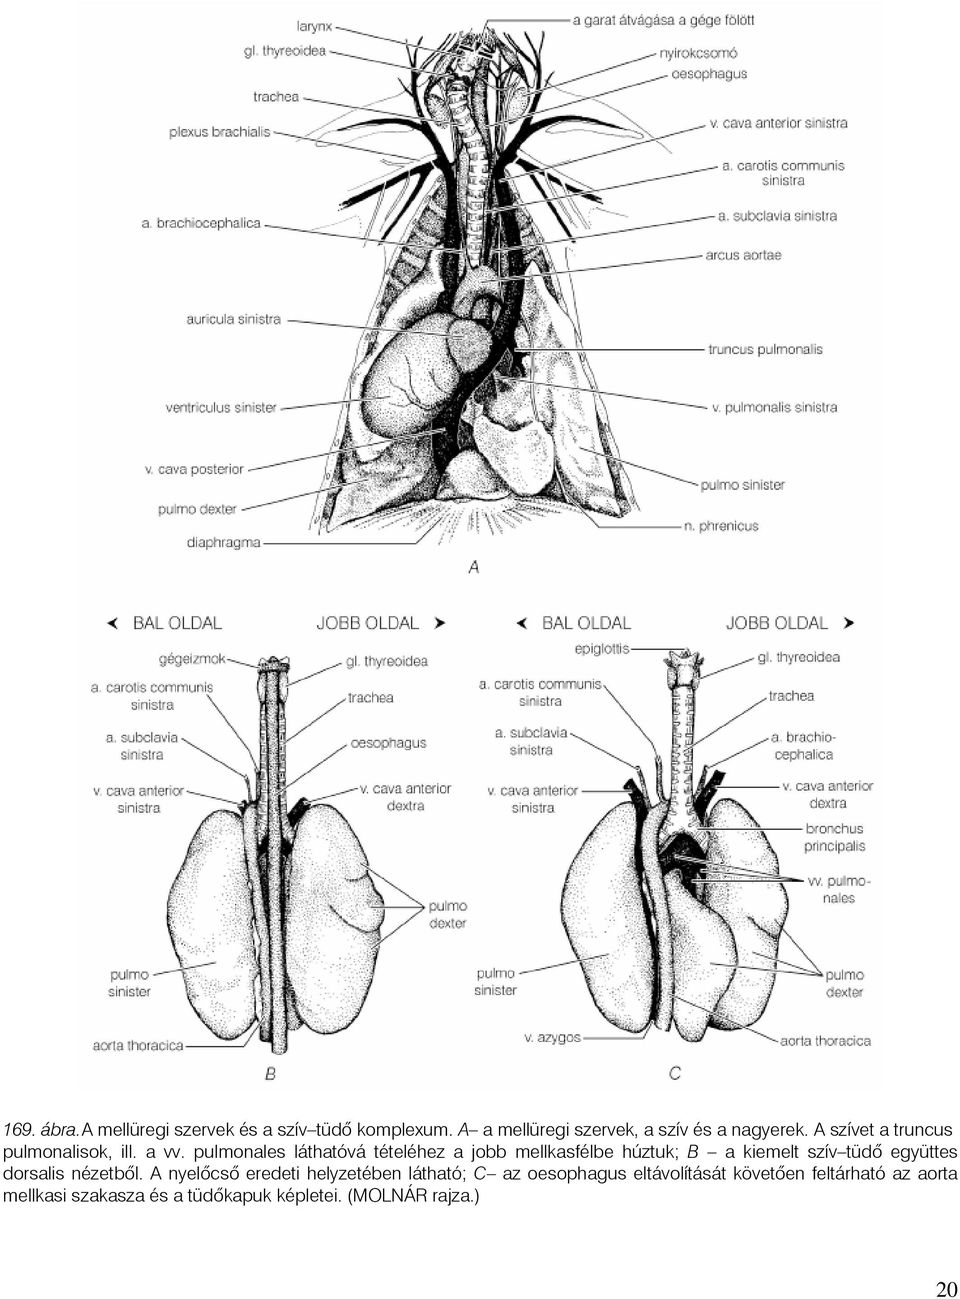 pulmonales láthatóvá tételéhez a jobb mellkasfélbe húztuk; B a kiemelt szív tüdõ együttes dorsalis
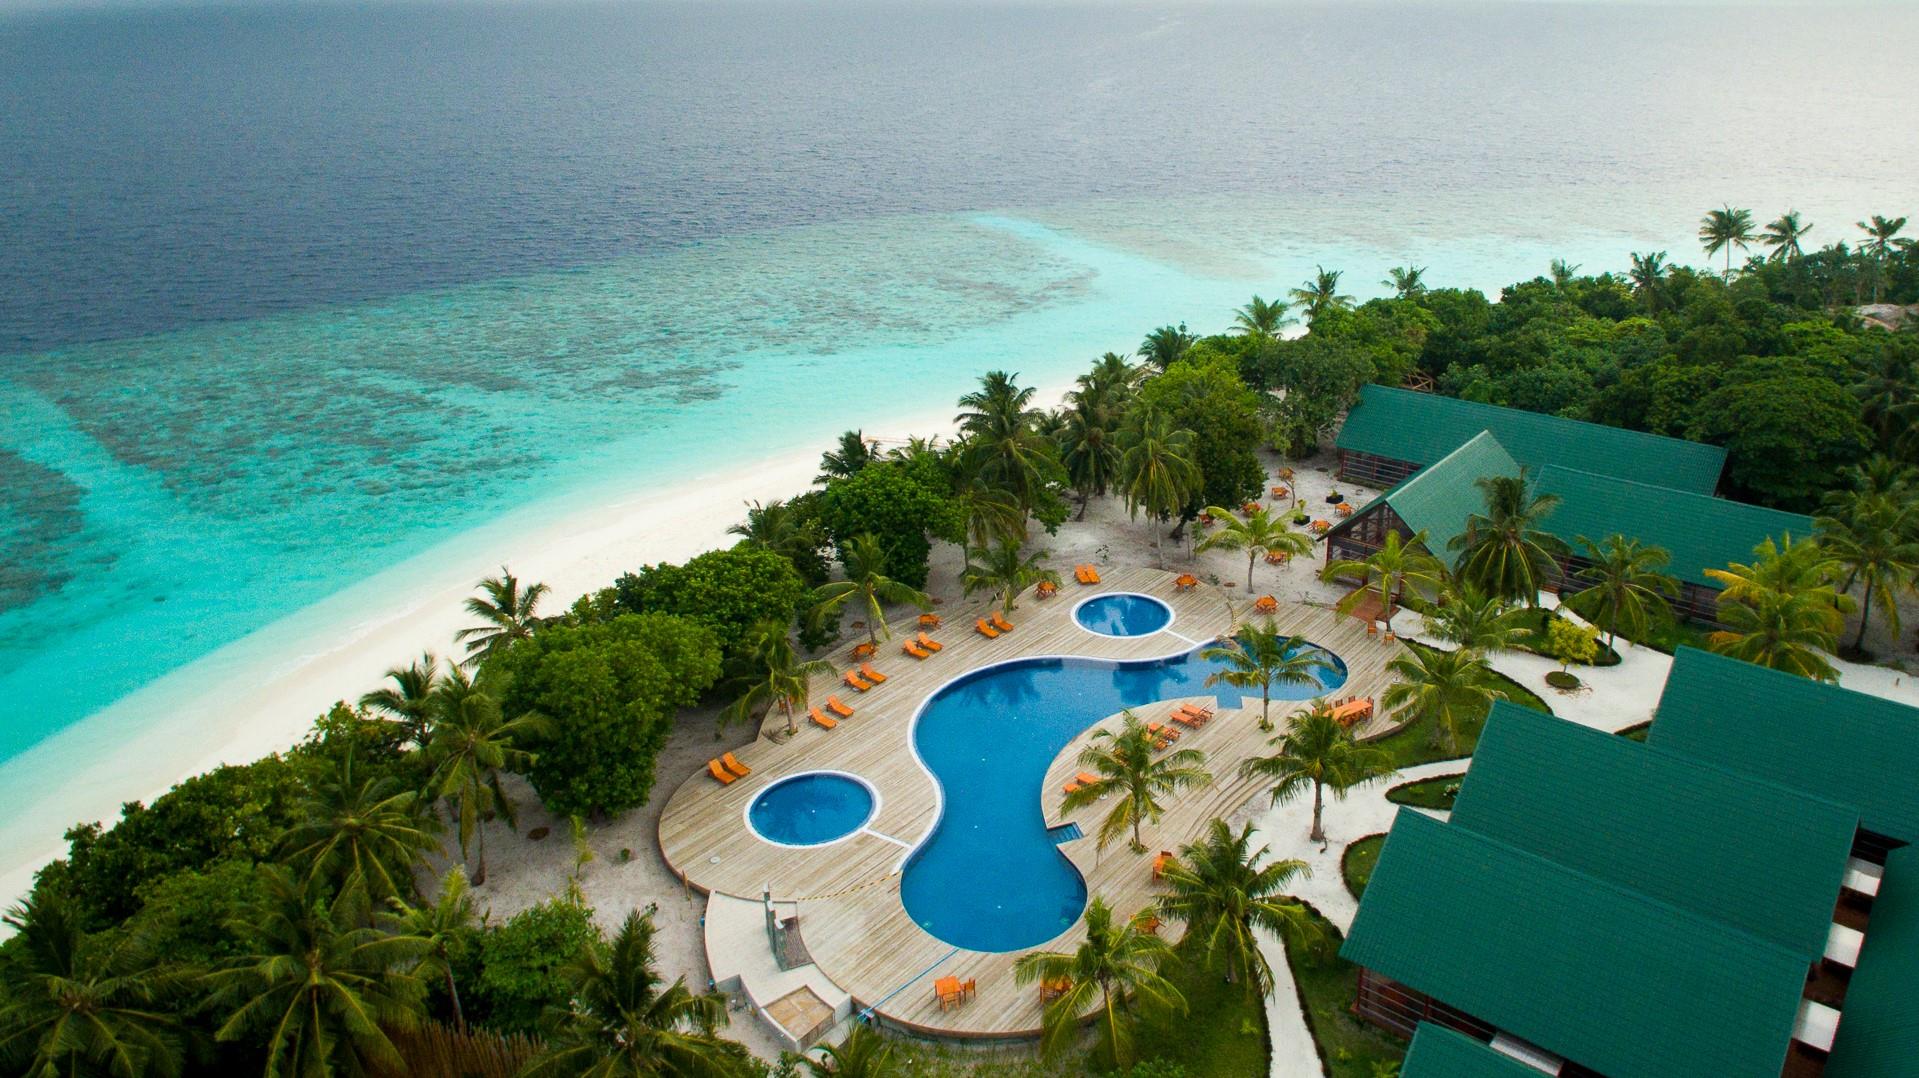 Фуравери мальдивы. Остров Фуравери Мальдивы. Мальдивы Furaveri Island Resort. Furaveri Maldives 5. Furaveri Island Resort & Spa Maldives 5*.
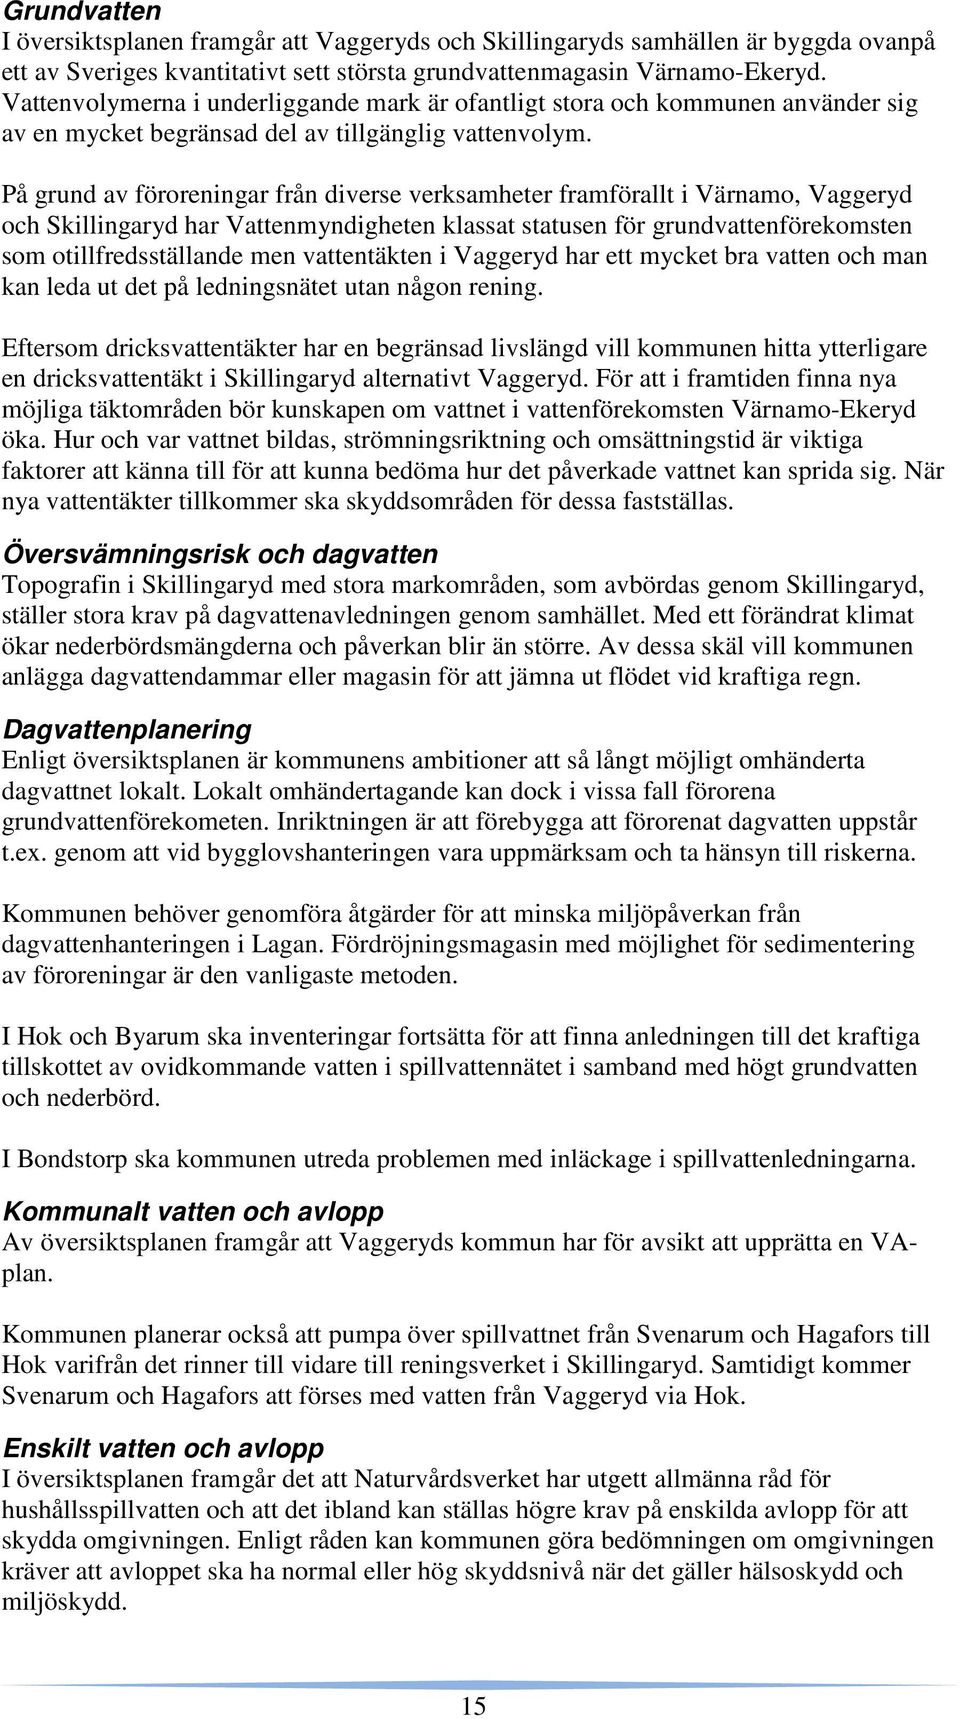 På grund av föroreningar från diverse verksamheter framförallt i Värnamo, Vaggeryd och Skillingaryd har Vattenmyndigheten klassat statusen för grundvattenförekomsten som otillfredsställande men
********************
- [What this task involves]:
In your copy of the data above, leave out the pictures and repeat everything else exactly.

- [Written response]:
 pulmonales láthatóvá tételéhez a jobb mellkasfélbe húztuk; B a kiemelt szív tüdõ együttes dorsalis
 Фуравери мальдивы. Остров Фуравери Мальдивы. Мальдивы Furaveri Island Resort. Furaveri Maldives 5. Furaveri Island Resort & Spa Maldives 5*.
 På grund av föroreningar från diverse verksamheter framförallt i Värnamo, Vaggeryd och Skillingaryd har Vattenmyndigheten klassat statusen för grundvattenförekomsten som otillfredsställande men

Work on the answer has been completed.